Bitcoin is a digital, decentralized currency. The most distinctive feature of this form of money is that it does not rely on a central bank or government. They cannot value or issue it, and therefore it is often referred to as a “cryptocurrency.” Bitcoin is based on a technology called the blockchain, which is a shared public ledger that records all the transactions occurring in the Bitcoin network.
The blockchain ensures users have complete control over their money and eliminates the ability of third parties to intercept or change transactions. At the heart of the Bitcoin system is the token known as “BTC,” which is the actual bitcoin used for transactions and not Bitcoin as the entire system itself.
This token is what allows Bitcoin users to make and receive payments, and it serves as a form of incentive for miners to process and validate transactions. One BTC is equal to 100 million satoshis – the smallest fraction of a Bitcoin.
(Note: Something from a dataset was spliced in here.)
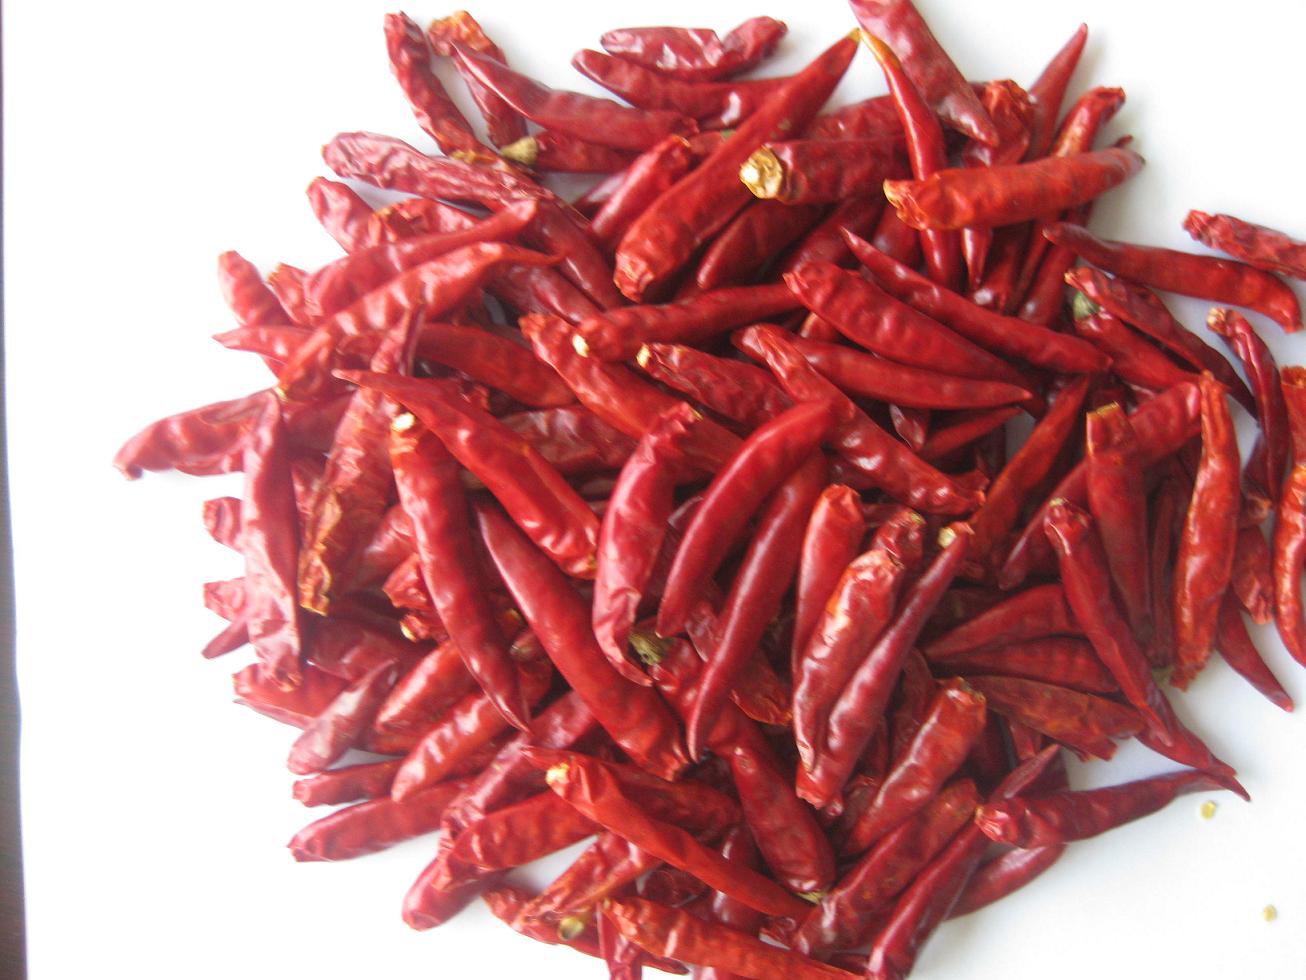 Hot chaoitan chilli
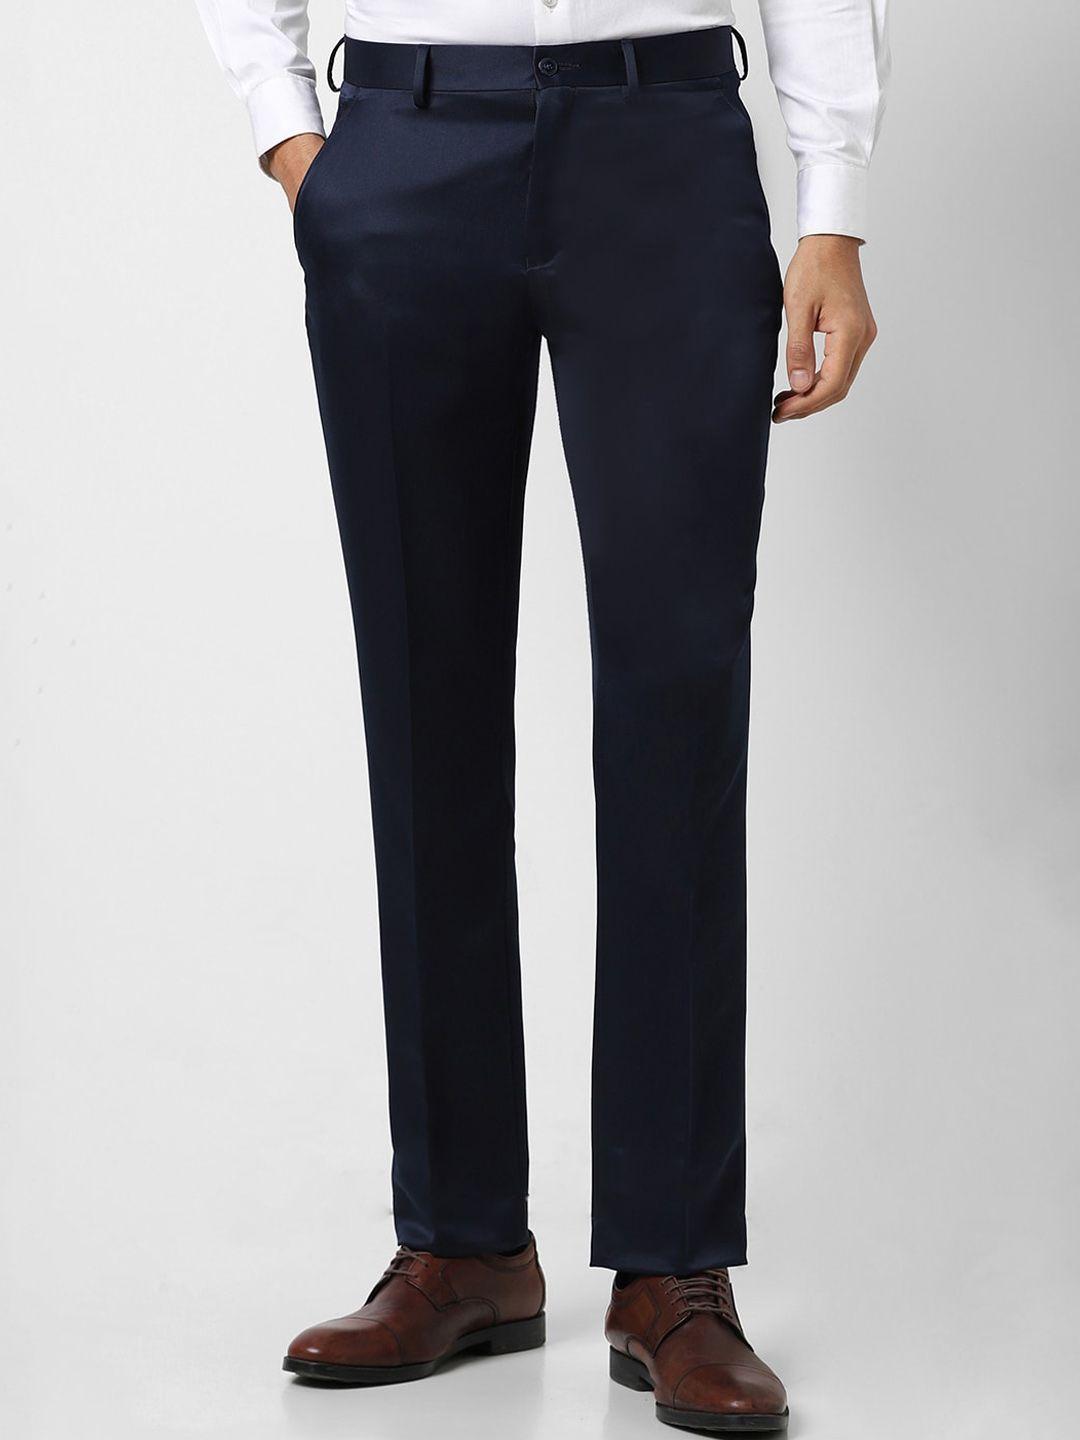 v-dot-men-mid-raise-clean-look-skinny-fit-trousers

Every BTC consists of individual transactions within the blockchain that track the transfer of funds from one wallet address to another.
It is important to remember BTC is not physical money; instead, it is a digital record of ownership stored on the blockchain. Any user can obtain BTC by either mining or purchasing it from an online exchange. Bitcoins are divisible up to 8 decimal points and can be used to purchase goods and services, send money to other individuals, or even make donations.
As Bitcoin has become more widespread and its value has increased, more merchants are beginning to accept it as payment.